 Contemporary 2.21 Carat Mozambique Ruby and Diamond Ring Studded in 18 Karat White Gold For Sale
--
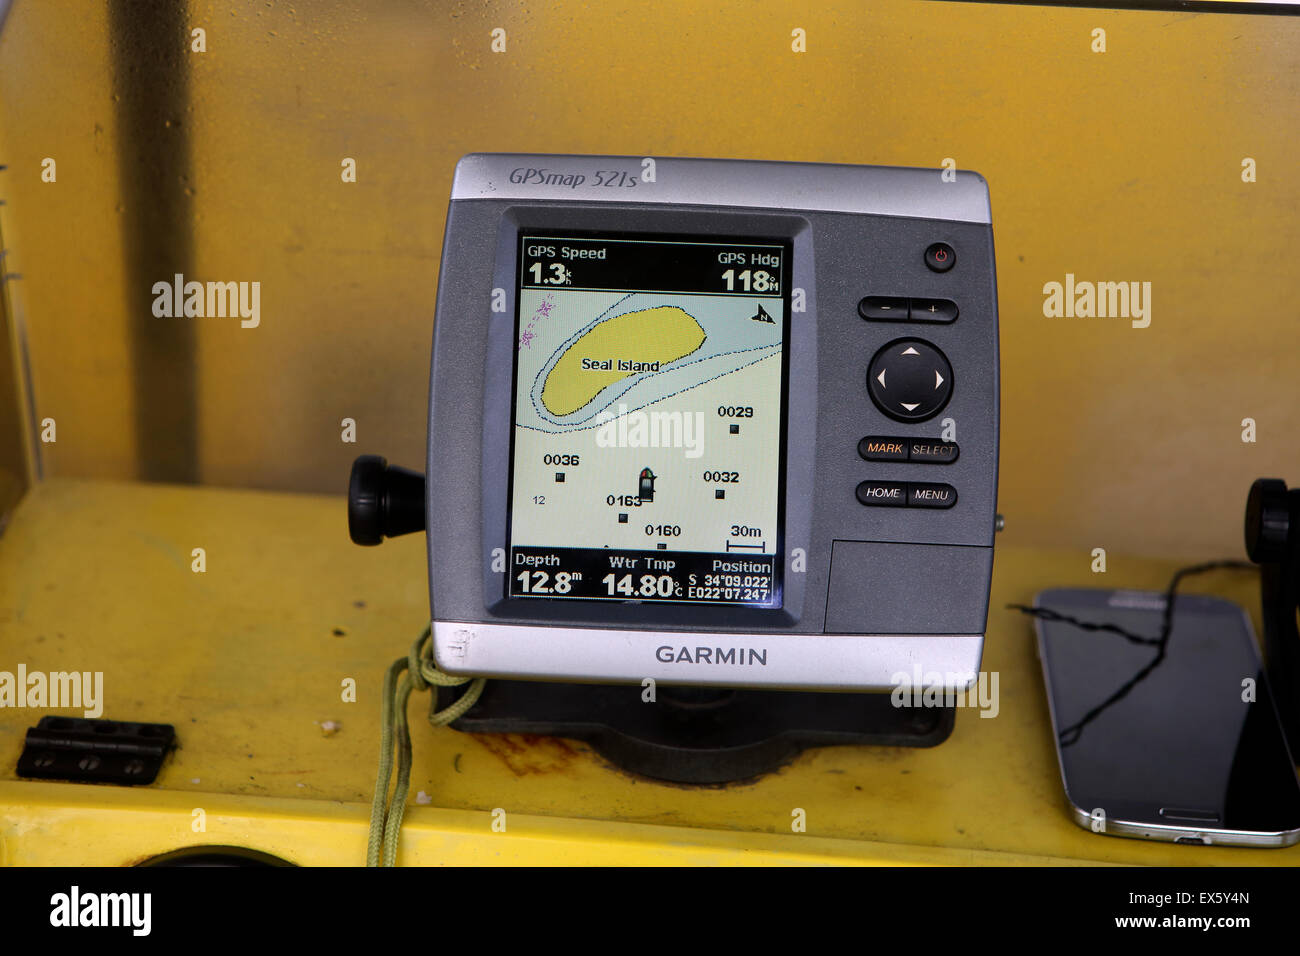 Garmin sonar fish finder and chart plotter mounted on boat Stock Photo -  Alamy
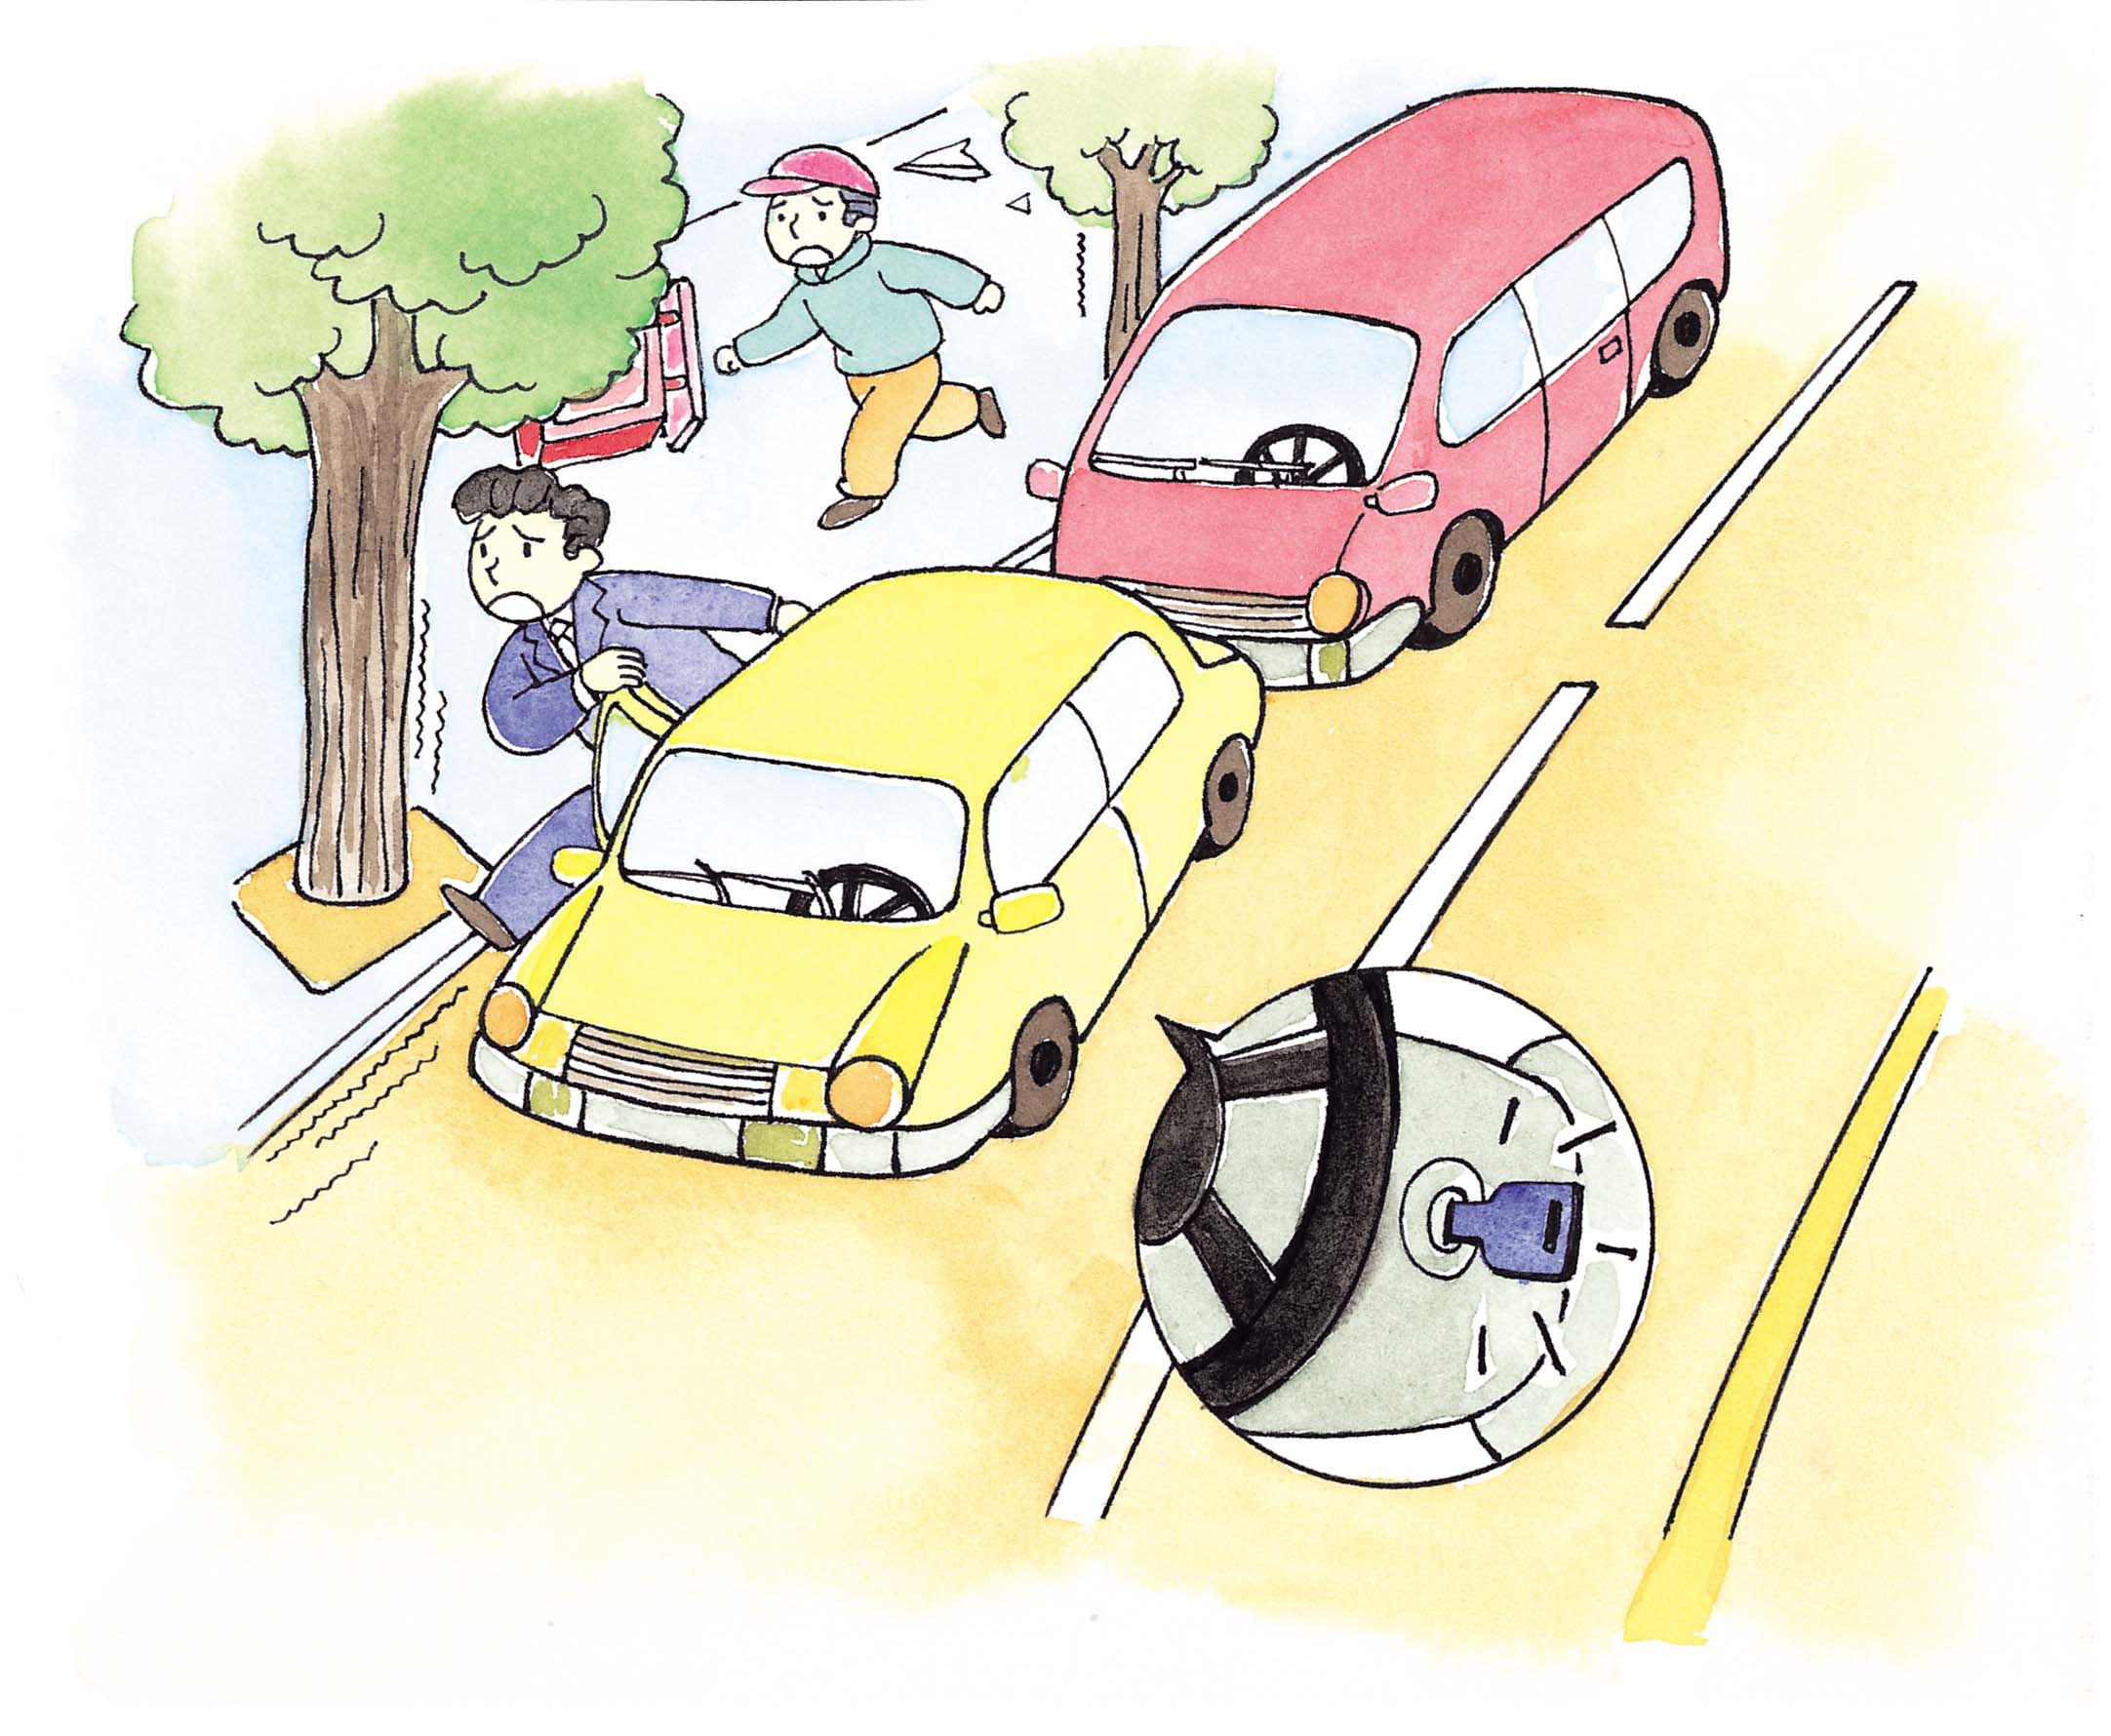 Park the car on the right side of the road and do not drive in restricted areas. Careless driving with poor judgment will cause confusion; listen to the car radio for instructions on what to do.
* * *
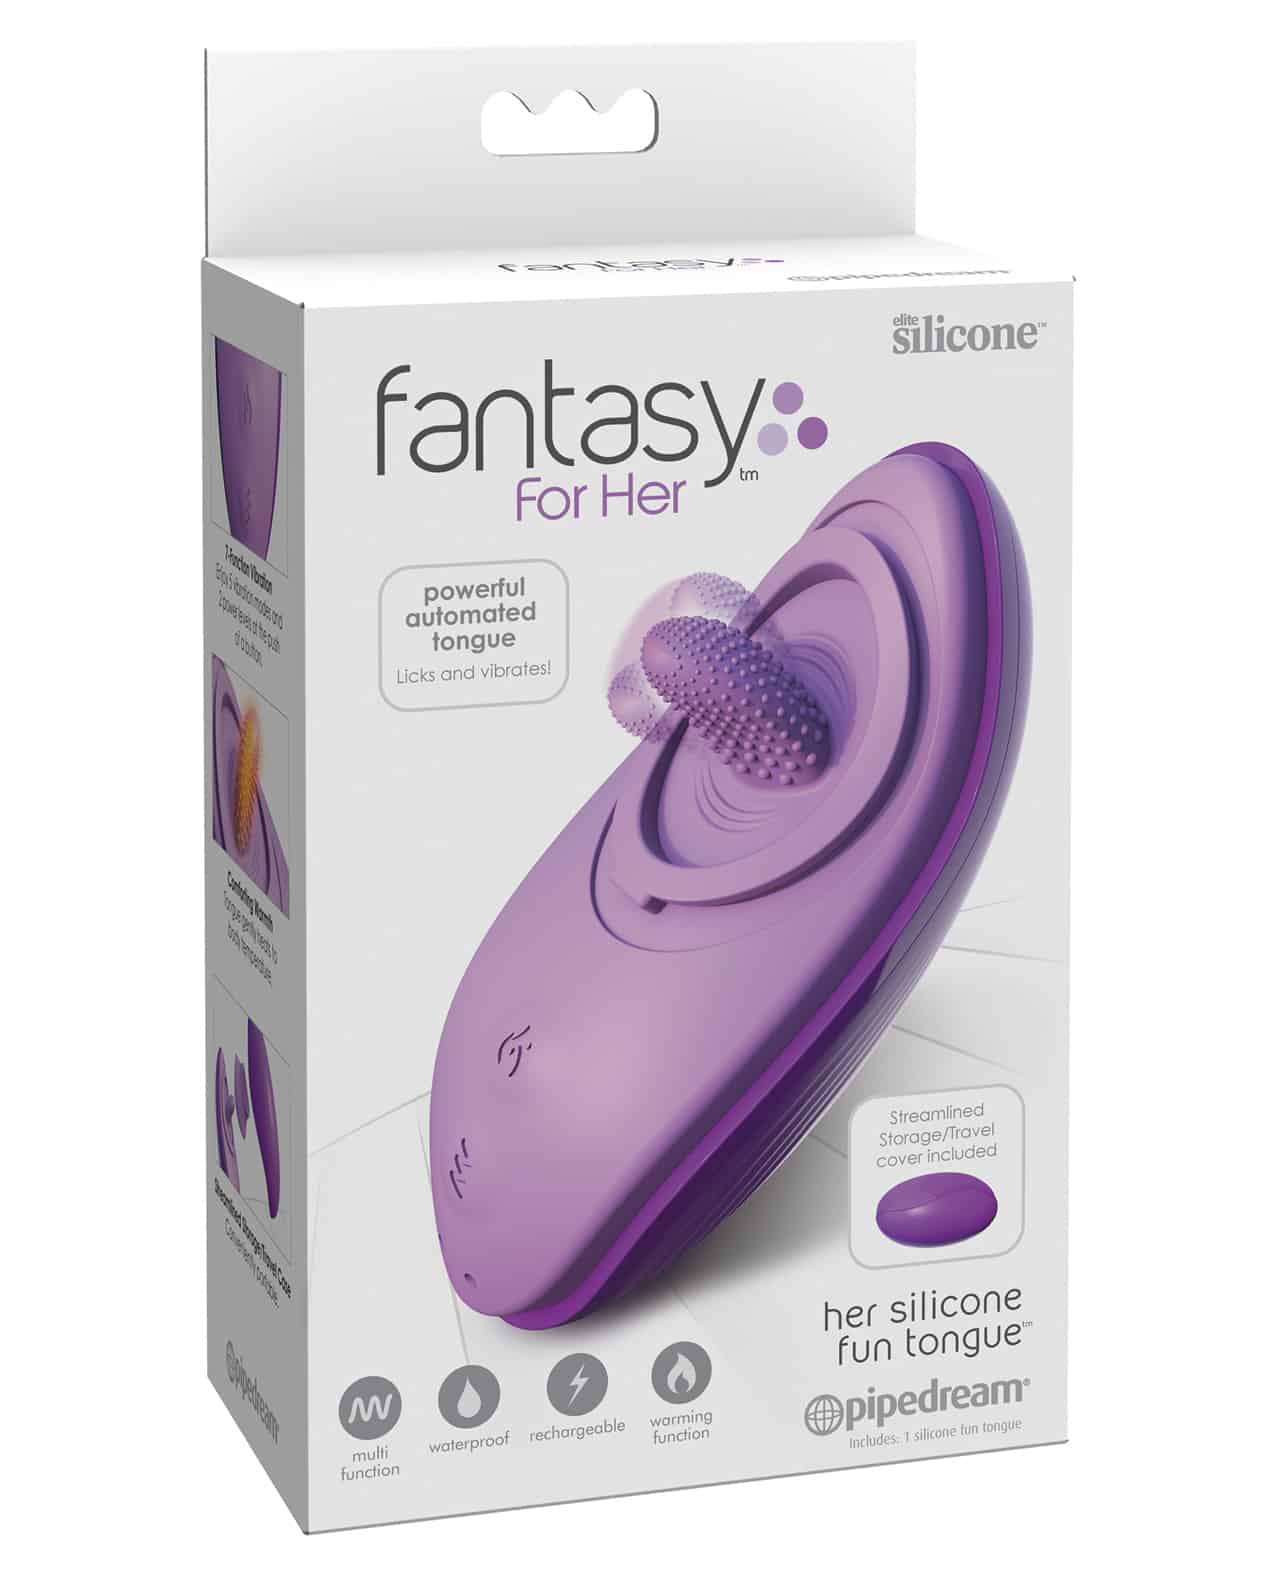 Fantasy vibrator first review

WORK TASK → Output only the lines above from the one containing "Garmin sonar fish" to the one containing "Park the car", both included, exactly as written and with no pictures.

YOUR RESPONSE →
 Garmin sonar fish finder and chart plotter mounted on boat Stock Photo -  Alamy
 Park the car on the right side of the road and do not drive in restricted areas. Careless driving with poor judgment will cause confusion; listen to the car radio for instructions on what to do.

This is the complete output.